Probe Puts Prosperity Teachings Under Critical Eye

One believer is bitter that the money she donated to several prominent ministries didn't bring about the material blessings the preachers had assured would come.

"I wanted to believe that God wanted to do something great with me like he was doing with them," said Cindy Fleenor, a 53-year-old accountant from Tampa, Fla., according to The Associated Press. "I'm angry and bitter about it. Right now, I don't watch anyone on TV hardly."

Fleenor wrote checks to Benny Hinn and Paula White - two popular televangelists - and pledged $500 a year to Joyce Meyer, another prominent evangelist. But Fleenor has yet to be showered with the riches that the preachers said would come as donors give.

The three preachers preach what critics call the "prosperity gospel," a highly criticized theology that teaches wealth is a sign of God's blessing. They encourage believers to donate and instill hope that they will experience prosperity. While they do not exclusively teach that God's riches mean money in people's wallets, it's still a key part of their sermons.

The "gospel of wealth" is denounced in many Christian circles. Still, many are flocking to the multi-million-dollar churches prosperity preachers have built to hear the positive messages and are faithfully giving in hopes of being blessed.

"More and more people are desperate and grasping at straws and want something that will alleviate their pain or financial crisis," said Michael Palmer, dean of the divinity school at Regent University, according to AP. "It's a growing problem."

Emerging church leader and author Brian McLaren says one of the prosperity teaching's attractions is that it doesn't dwell on traditional Christian themes o heaven and hell but on answering pressing concerns of the here and now, as reported by AP.

Richard Young, author of The Rise of Lakewood Church and Joel Osteen, has said that society today is overstressed and already believes they are living in Hell daily and thus is eager to embrace the messages that prosperity preachers like Osteen deliver.

But the teachings put too much emphasis on individual success and happiness, McLaren said.

"We've pretty much ignored what the Bible says about systemic injustice," he said.

Evangelist Meyer, who has improved her ministry's financial transparency in recent years, recently stressed the need for balance in the teachings.

A prosperity gospel "that solely equates blessing with financial gain is out of balance and could damage a person's walk with God," she said.

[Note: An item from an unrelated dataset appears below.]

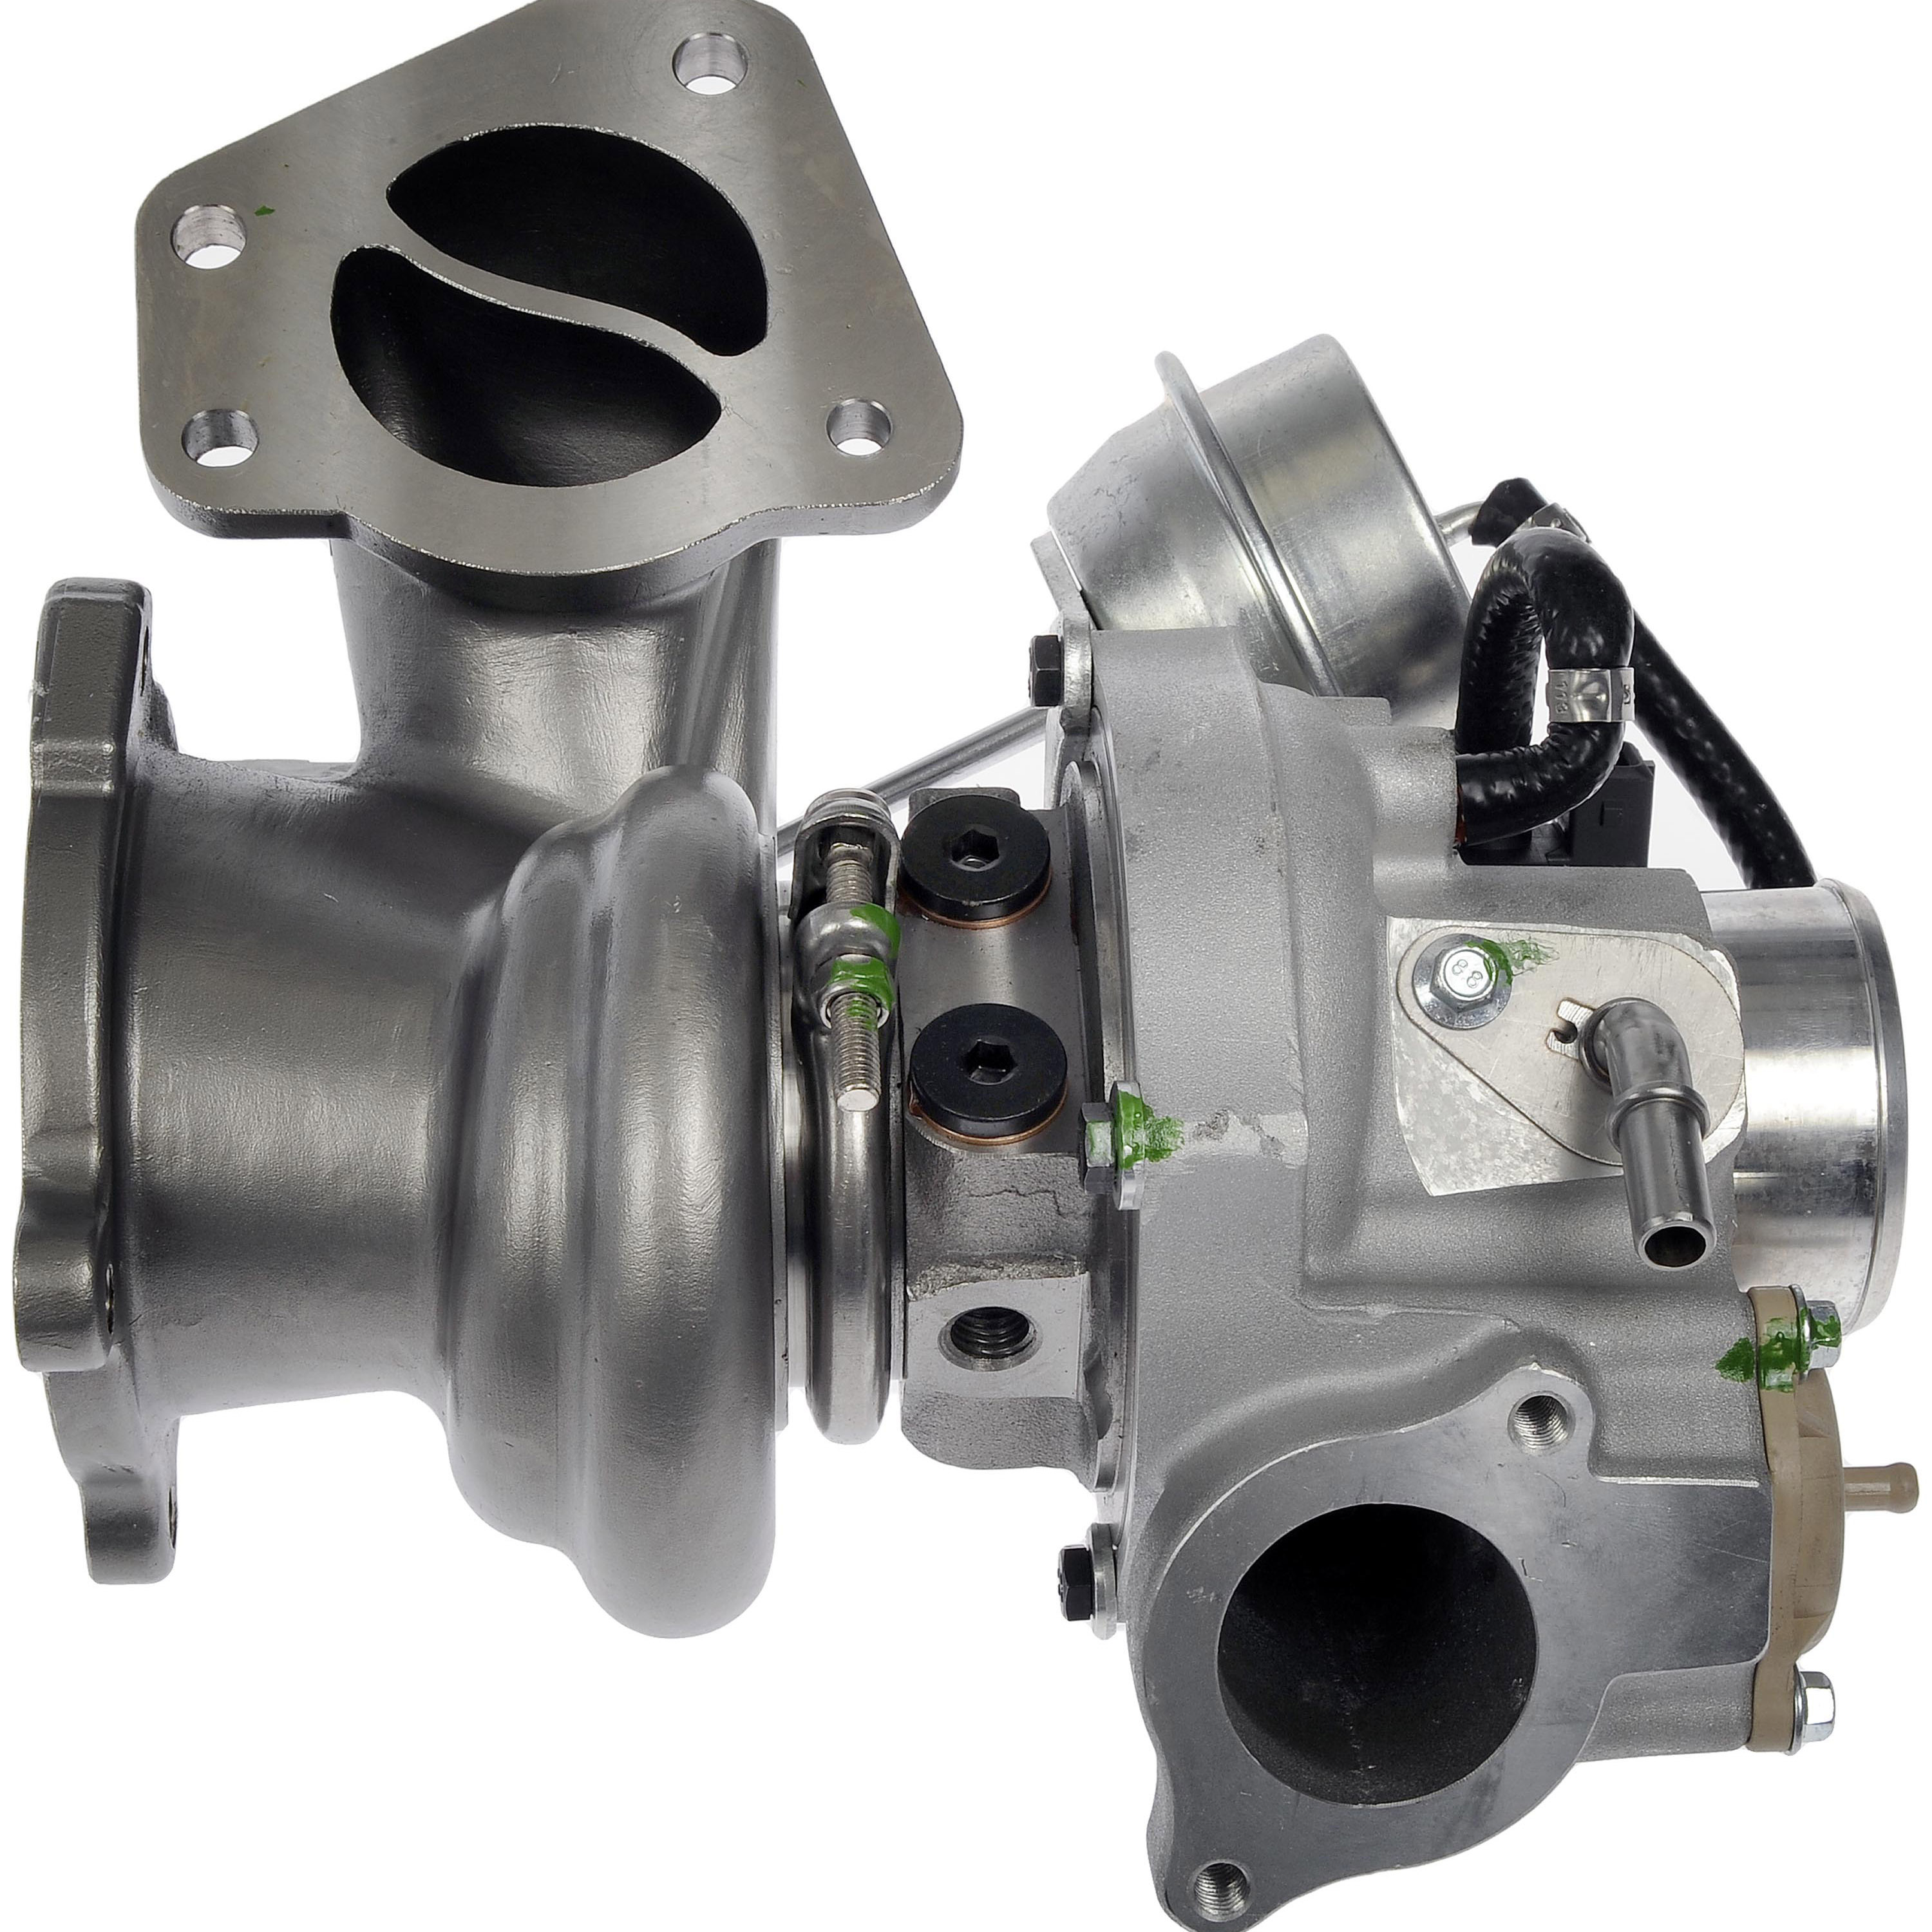 Dorman 917-153 Turbocharger for Specific Models Fits select: 2011-2013  BUICK REGAL, 2007-2010 SATURN SKY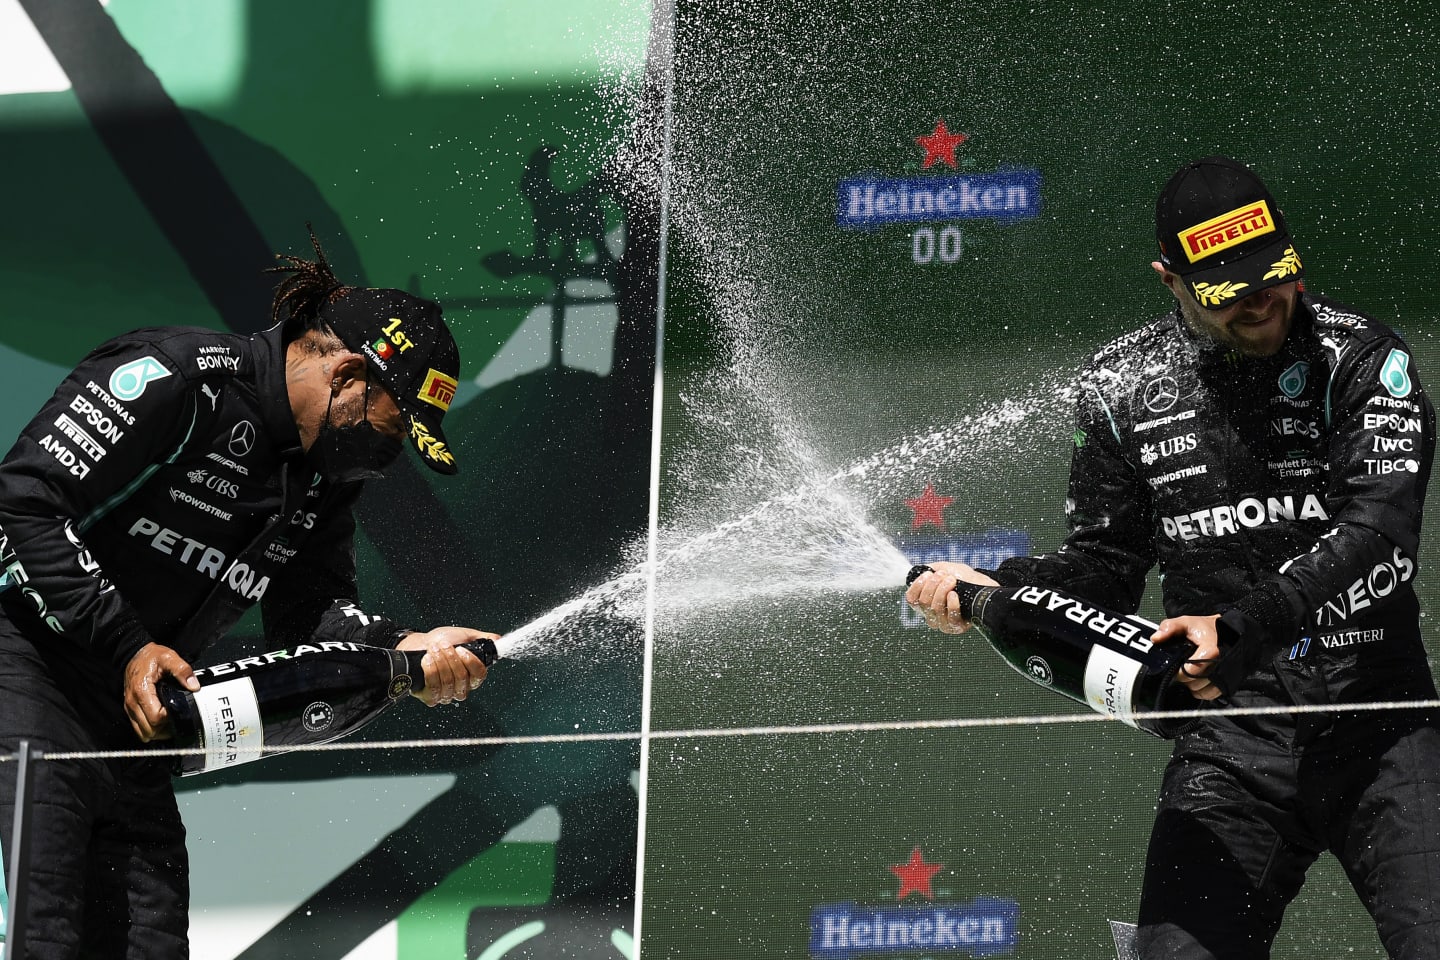 PORTIMAO, PORTUGAL - MAY 02: Race winner Lewis Hamilton of Great Britain and Mercedes GP and third placed Valtteri Bottas of Finland and Mercedes GP celebrate with sparkling wine on the podium after the F1 Grand Prix of Portugal at Autodromo Internacional Do Algarve on May 02, 2021 in Portimao, Portugal. (Photo by Gabriel Bouys - Pool/Getty Images)

Prosperity teachings became prominent, mainly in Pentecostal and charismatic churches, with evangelists Oral Roberts and Kenneth Copeland - then, Kenneth Hagin - in the postwar era.

"What Oral did was develop a theology that made it OK to prosper," said David Edwin Harrell Jr., a Roberts biographer, according to AP. Harrell noted that Roberts and Copeland trained tens of thousands of evangelists with "health and wealth" theology - a message that resonated with an emerging middle class.

Money isn't the only thing people are blessed with, prosperity preachers say. God's blessings extend to health, relationships and being able to help others.

Six prosperity preachers are currently under investigation for allegedly abusing their non-profit status to shield lavish lifestyles. Sen. Charles Grassley (R-Iowa) has requested financial statements and responses to questions about personal and organizational finances from ministries led by Paula and Randy White, Creflo Dollar, Eddie Long, Benny Hinn, Joyce Meyer, and Kenneth and Gloria Copeland. The deadline to turn over the papers was Dec. 6.

While Grassley has stressed that the investigation is about whether the ministries are playing by the rules and not about doctrine, some wonder if the probe can strictly keep off theology questions.

"How do you determine how much money a minister like this is able to make when the basic theology is that wealth is OK?" said the Rev. Adam Hamilton, a prosperity gospel critic, of United Methodist Church of the Resurrection in Kansas City, Miss. "That gets into theological questions."

Joyce Meyer is the only one of the six that has promised to fully cooperate with Grassley's probe. Kenneth and Gloria Copeland have turned in papers; lawyers for Randy and Paula White have asked for more time; recent contact has not been made by Benny Hinn who had agreed to respond by Dec. 12 but did not; and Creflo Dollar and Eddie Long have indicated they will not comply with Grassley's probe.